RUYS: Op een aantal vlakken staan we heel ver. We hebben kunnen aantonen dat de Belgische fotografen en de Belgische collecties in vergelijking met het buitenland heel veel potentieel hebben. Daarnaast bezitten we een mooie verzameling, al vind ik het jammer dat we ze nooit optimaal hebben kunnen tonen. In Antwerpen spreekt men nogal snel van ‘internationale uitstraling’, maar we mogen nooit vergeten dat we ook lokaal een functie hebben en dat er een sterk draagvlak moet zijn voor de bezoekers, de overheid en de subsidiërende instanties. Maar binnen Europa zijn we zeker een belangrijke speler. Vooral het feit dat we onomwonden de diversiteit aandurven, dwingt respect af. De tentoonstelling Belga – Focus on Sports, bijvoorbeeld, die we de voorbije zomer presenteerden, trekt een ander publiek aan en heeft heel veel mensen getoond hoe een persagentschap werkt tijdens de Olympische Spelen, zónder dat we daar een kunstzinnig sausje over goten. Veel mensen reageerden heel direct op die toegepaste fotografie. Denk maar aan de foto’s van Tia Hellebaut en andere atleten, die zijn voor de toeschouwer een emotionele belevenis. En dan wordt het ook duidelijk dat een foto, meer dan een tekst, concreter op de feiten inspeelt.

Sommigen noemden uw beleid ‘populistisch’.
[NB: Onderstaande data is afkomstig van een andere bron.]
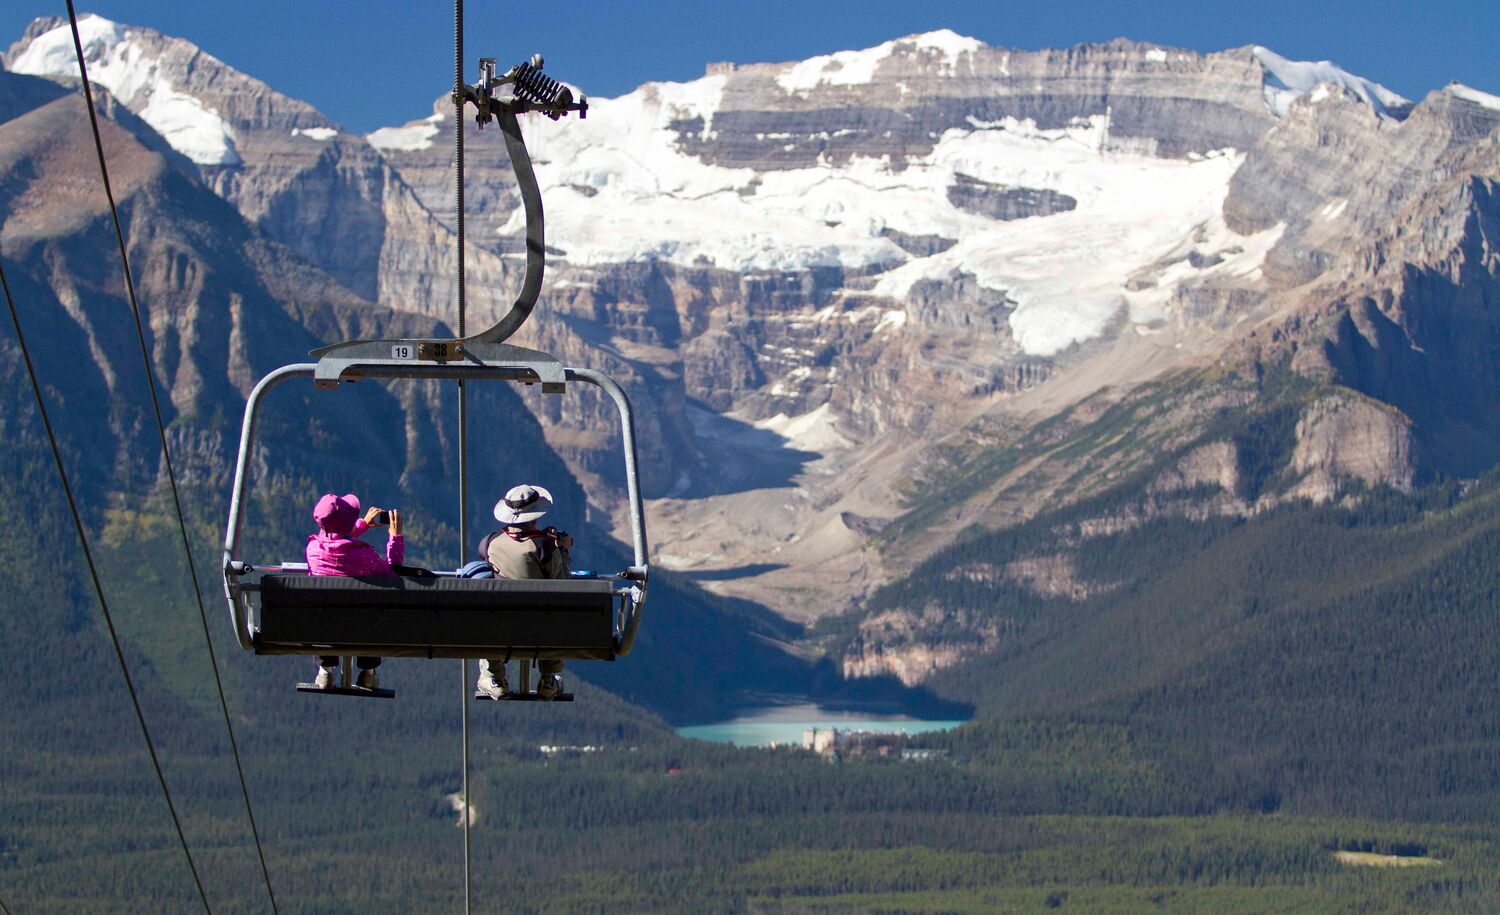 Two people ride the Lake Louise Summer Sightseeing Gondola looking out towards Lake Louise in Banff National Park.

RUYS: Ja, maar fotografie ís nu eenmaal een populistisch medium. Het is een valse discussie om te zeggen dat we een populistisch beleid gevoerd hebben. Fotografie is een kameleonmedium. Je ziet het in de typologie van de luxesector, maar evenzeer op Facebook, waar iedereen zich tracht te uiten op basis van die ene foto en dat ene profiel. Het is díé diversiteit die een plaats krijgt in een museale omgeving, en die recht doet aan de fotografie. Fotografie is een spiegel van hoe we met onszelf willen omgaan, en vooral: hoe we gezien willen worden. Dát is de rode draad. Het beeld bepaalt alles: wie we zijn, maar vooral wat we wíllen zijn. Dat vind ik ontzettend fascinerend.